Tips for Time Series Data Splitting in FL

3 minutes

What Is Data Splitting for Time Series Modelling?

In machine learning, data splitting is a process of segmenting your data for training, evaluation, and testing purposes. For time series modelling, data splitting needs to be carefully performed to preserve the chronological order of the data. In short, data samples in time series can no longer be assumed to be independent and identically distributed.

Examples of Time Series Data Splitting

Common strategies for data splitting include:

  1. Random sampling.
  2. Stratified sampling for imbalanced data.
  3. Grouped sampling for data with group labels.

 

In the case of time series data splitting, more advanced strategies need to be adopted to use only future datapoints for evaluation. The two broad categories for time series data splitting are:

  1. Sliding/rolling window
  2. Expanding window

 

To further promote independence of the data samples in your evaluation split, a gap can also be introduced between the training and evaluation dataset. Indeed, depending on your time series dataset, hybrid strategies that combine various elements of the above may be required to test your model appropriately.

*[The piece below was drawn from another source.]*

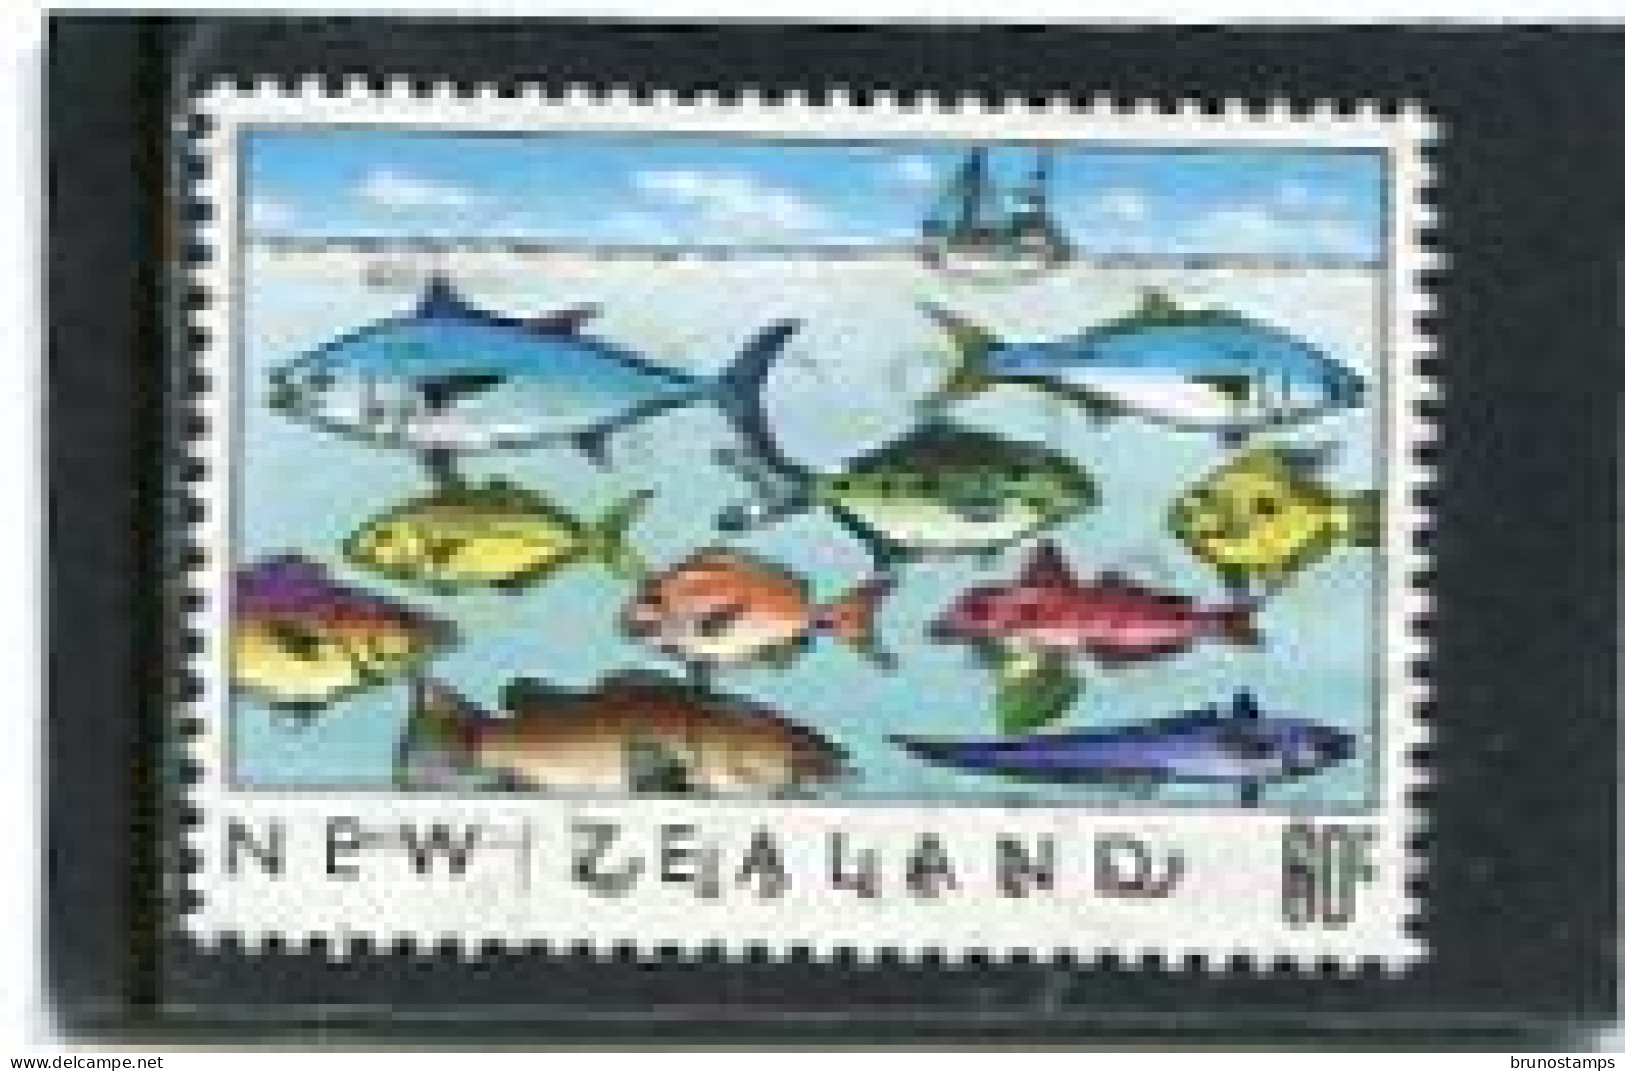 NEW ZEALAND - 1989  60c  FISHING  FINE USED - Gebraucht

Why Is Data Splitting Important?

For time series problems the test dataset must be new data that the model has not been trained on and ideally come from the same feature distribution of the training data. In this way, we have more confidence that the model we have trained can generalise well in production when new data becomes available.

The modelling mindset here is to prevent data leakage – a scenario where data from outside of the training is used to create the model. Data leakage can come in the form of

  • target leakage, where data that is used in training is not available during predictions, and
  • train-test contamination, where data from the validation or test set is unintentionally included in the training set.

 

When a model is trained on this contaminated dataset, the ML practitioner may obtain an overly optimistic model performance during evaluation. This is expected but undesirable because the model has been effectively trained on information that it would otherwise not know in production. It follows that when the model is deployed to production, the same model will perform poorly or not at all.

 

Federated Time-Series Learning with OctaiPipe

In distributed learning across edge devices, such as with federated learning, it is even more crucial to carefully define appropriate holdout sets on the local databases to ensure a robust global model is produced. The two key concepts that need to be taken into account for

creating the validation set is:

  1. Chronological order.
  2. Sequences.

 

The following diagrams illustrate the strategies for time series splitting in a federated learning setting:

data splitting strategy for federated time series

Diagram illustrating data splitting strategy for federated time series learning with OctaiPipe

How Do I Define Time-Series Splitting in OctaiPipe?

 

In our experience, use cases typically involve multivariate time series data, such as time-to-failure predictions for roller bearings, solar panel, or battery health status. To assist with implementing advanced time series data splitting strategies in these use cases, OctaiPipe natively interfaces with InfluxDB and allows user to have granular control of the validation data on each local database of the devices through configurations (see snippet below from lines 8 to 9):

				
					evaluation_data_specs:
    datastore_type: influxdb
    query_type: dataframe
    query_values:
        devices:
            device: default
            query_template_path: ./influx_query_eval_def.txt
            start: "2022-11-10T00:00:00.000Z"
            stop: "2022-11-11T00:00:00.00Z"
        bucket: test-bucket
        measurement: sensors-raw
        tags: {}
    data_converter: {}    
				
			

How Are Time Series Sequences Defined in OctaiPipe?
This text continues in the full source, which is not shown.